◆ Task goal
Leave the pictures out and print, word for word, the lines below from the one with "Kuipers Family Farm" through the final line.

◆ Provided data
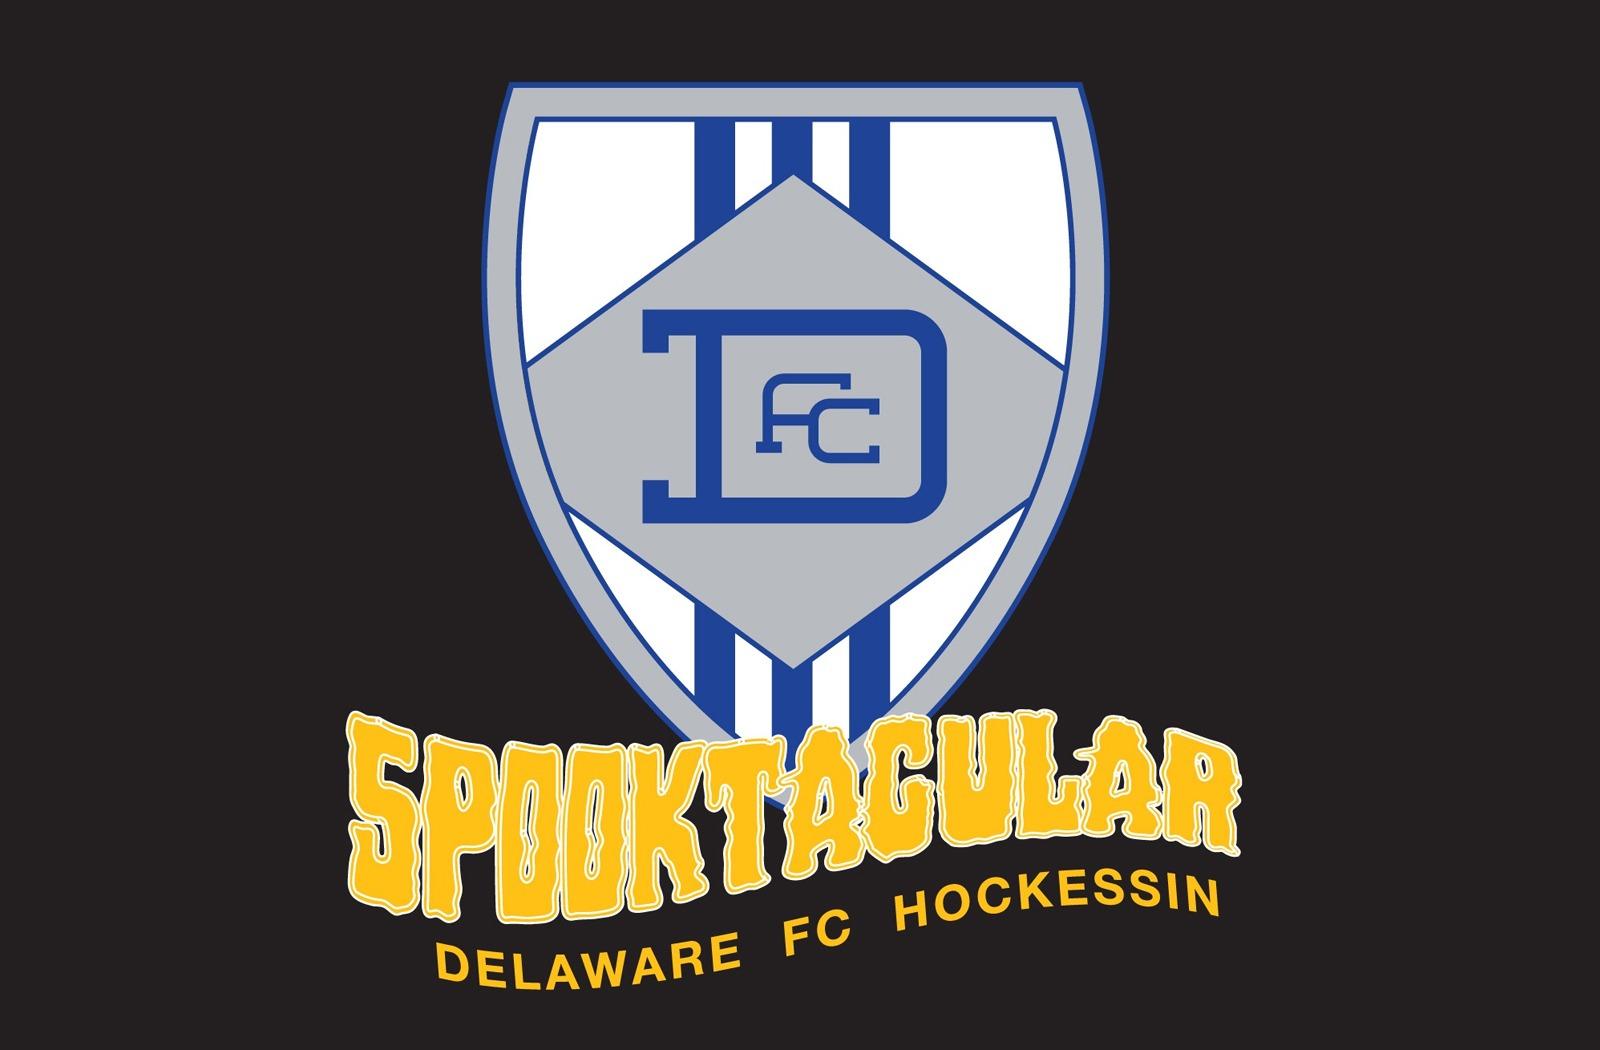 Delaware FC Hockessin 3v3 Tournament - Spooctacular
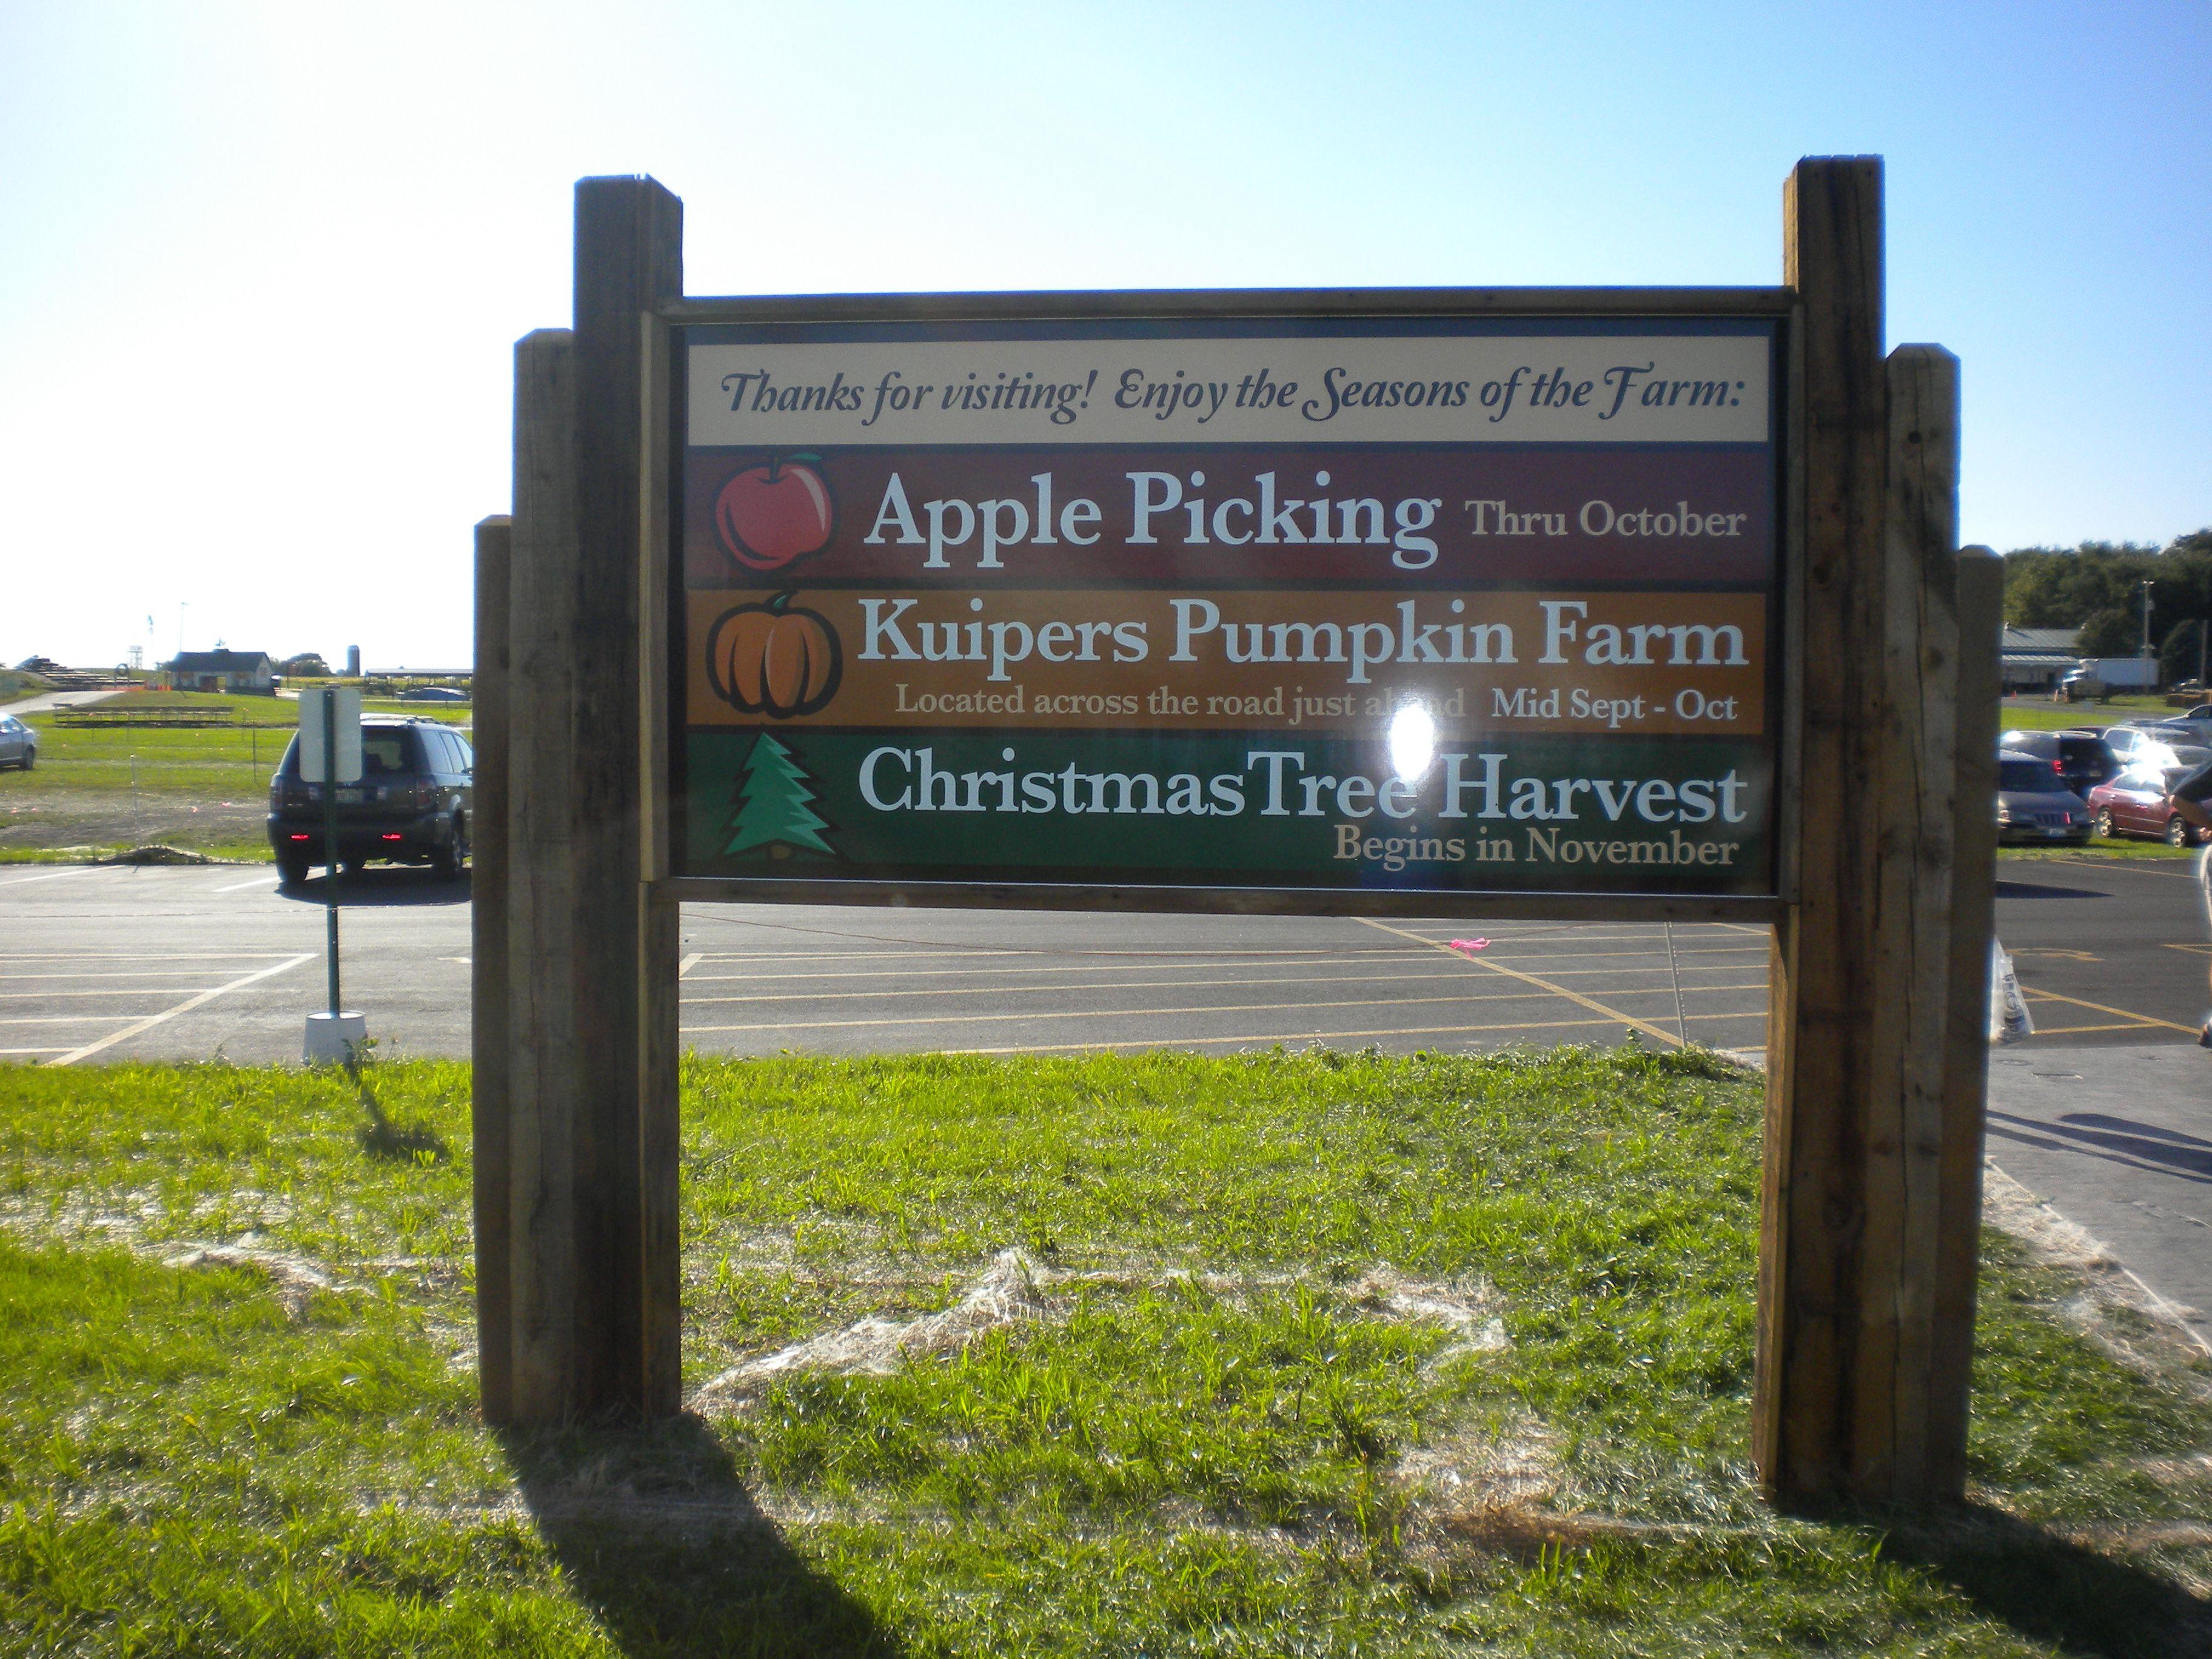 Kuipers Family Farm Pumpkin farm, Illinois, Small towns
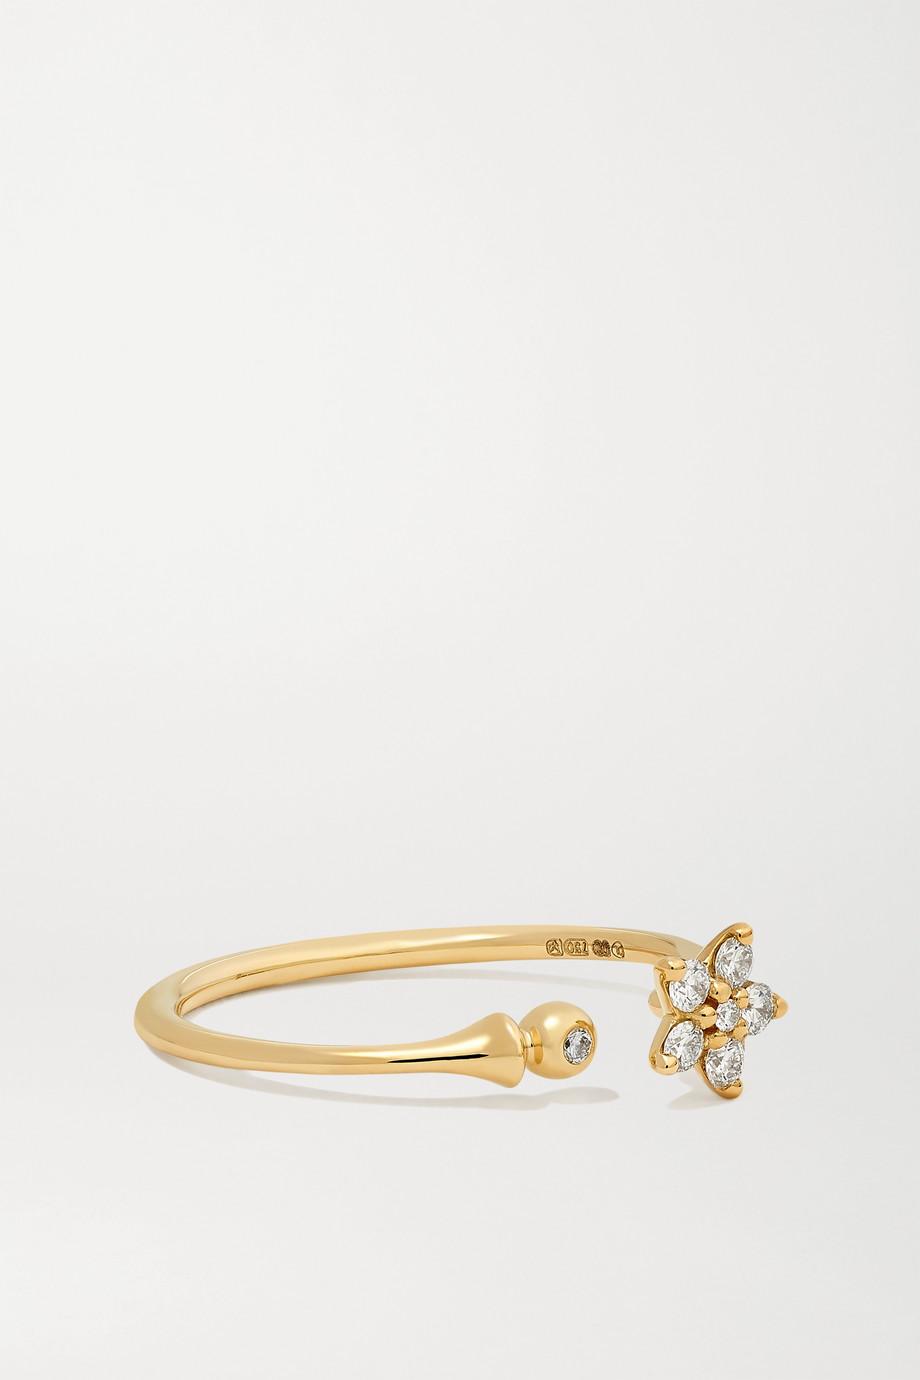 OLE LYNGGAARD COPENHAGEN Shooting Stars 18-karat gold diamond ring

◆ Response area
 Kuipers Family Farm Pumpkin farm, Illinois, Small towns
 OLE LYNGGAARD COPENHAGEN Shooting Stars 18-karat gold diamond ring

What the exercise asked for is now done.